**Instructions for the task**:
Leaving out the images, reproduce every line of the data that follows exactly.

**Data block**:

· · · · ·

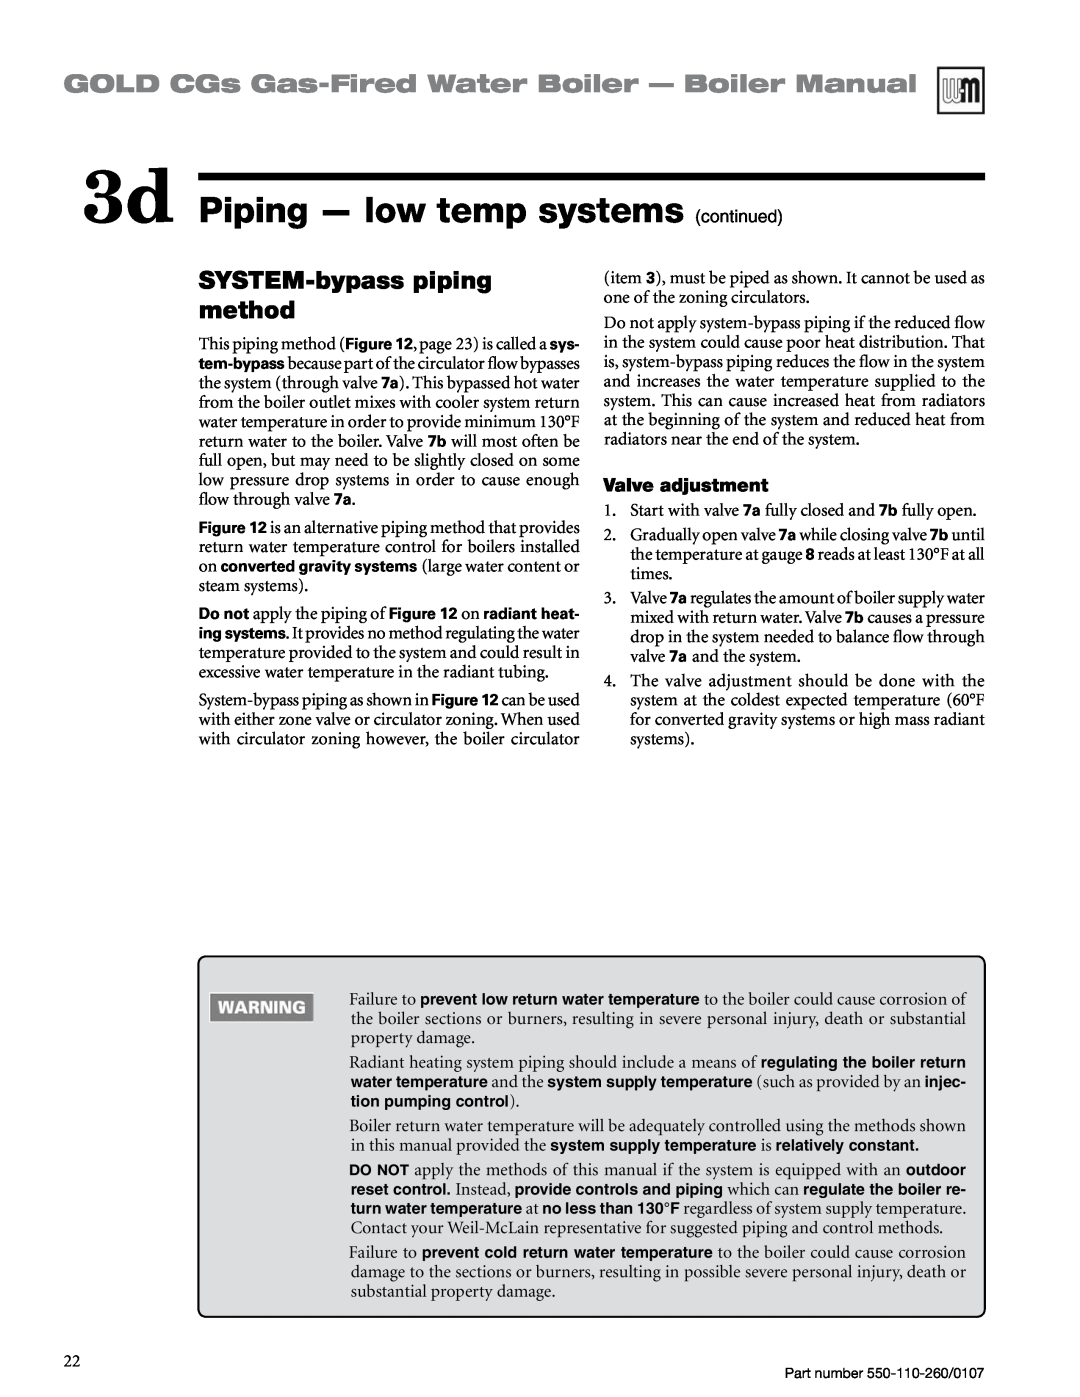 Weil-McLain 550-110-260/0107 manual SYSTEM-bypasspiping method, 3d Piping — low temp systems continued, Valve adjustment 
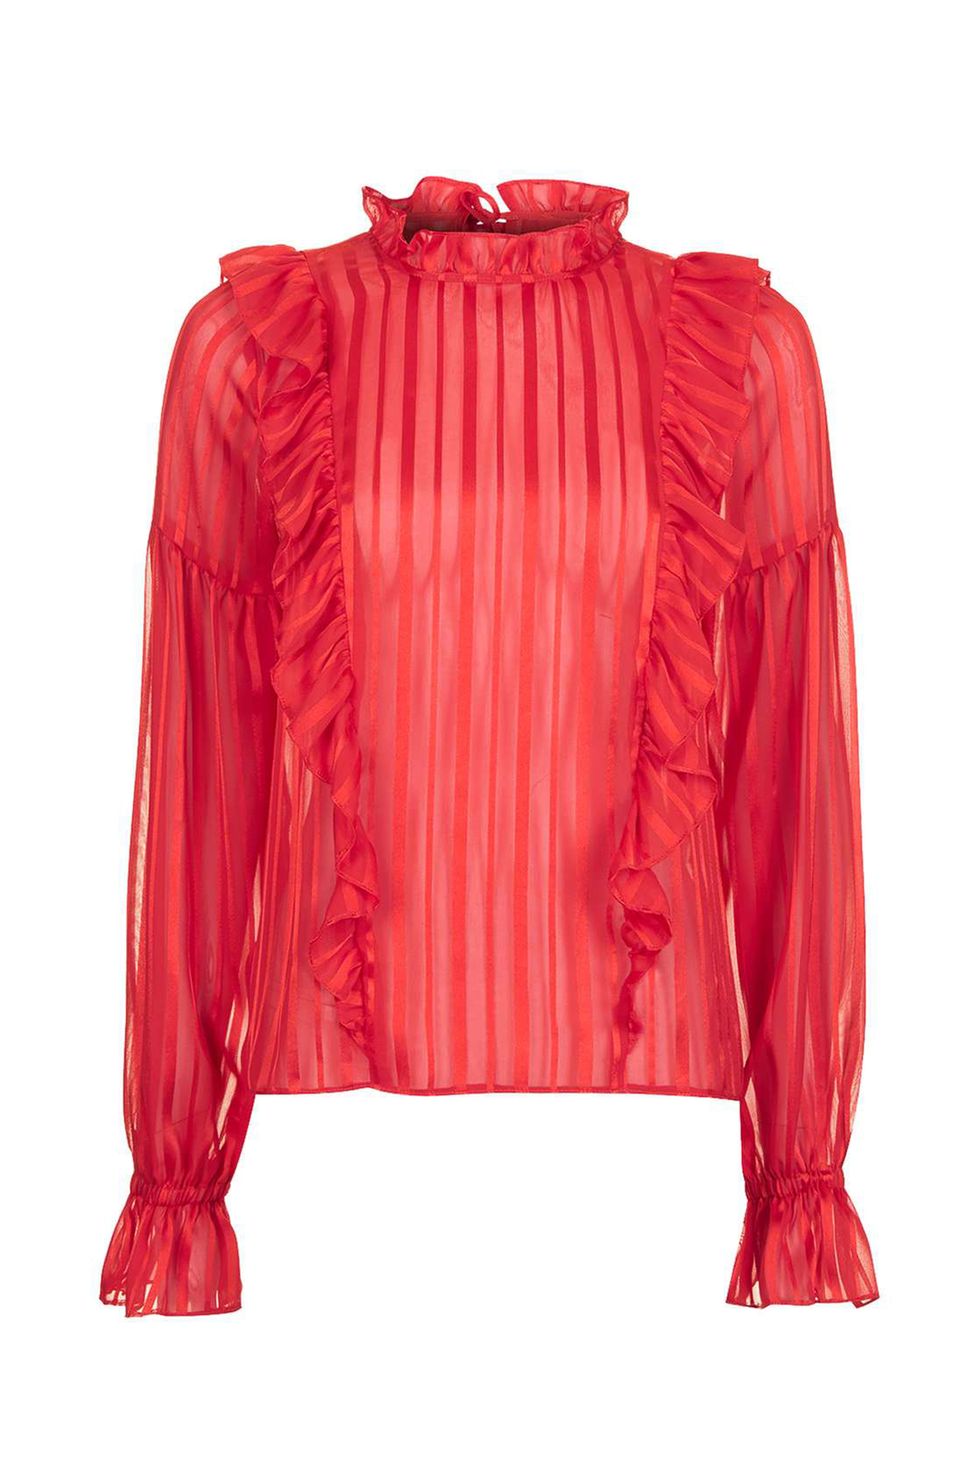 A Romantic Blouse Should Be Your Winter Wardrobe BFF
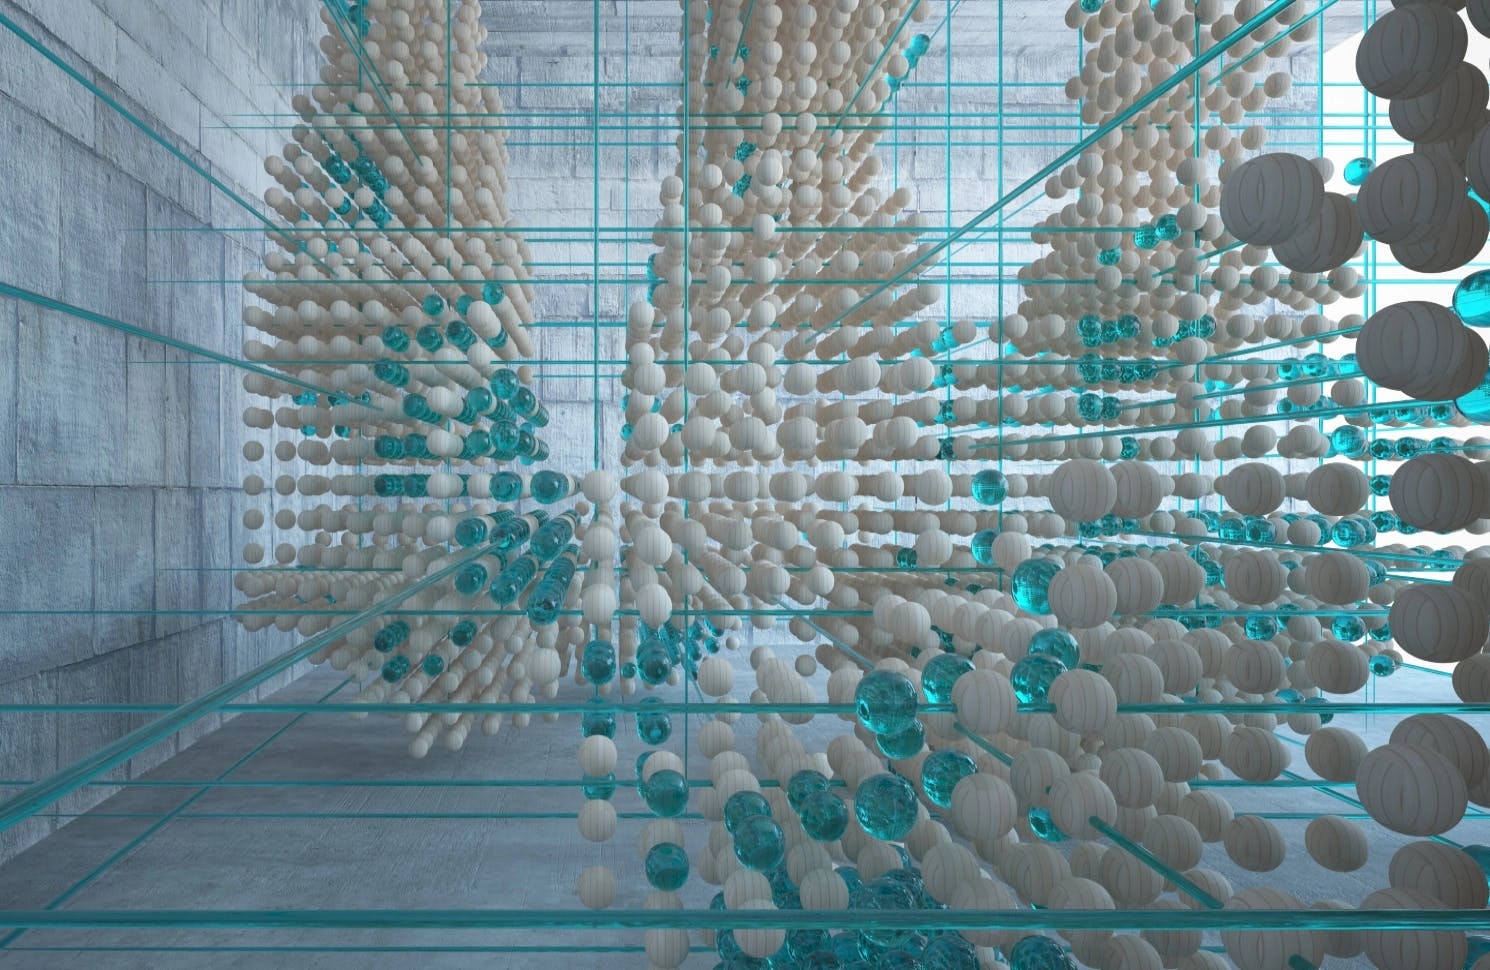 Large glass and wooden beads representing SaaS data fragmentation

· · · · ·

**Response area**:
 Weil-McLain 550-110-260/0107 manual SYSTEM-bypasspiping method, 3d Piping — low temp systems continued, Valve adjustment 
 A Romantic Blouse Should Be Your Winter Wardrobe BFF
 Large glass and wooden beads representing SaaS data fragmentation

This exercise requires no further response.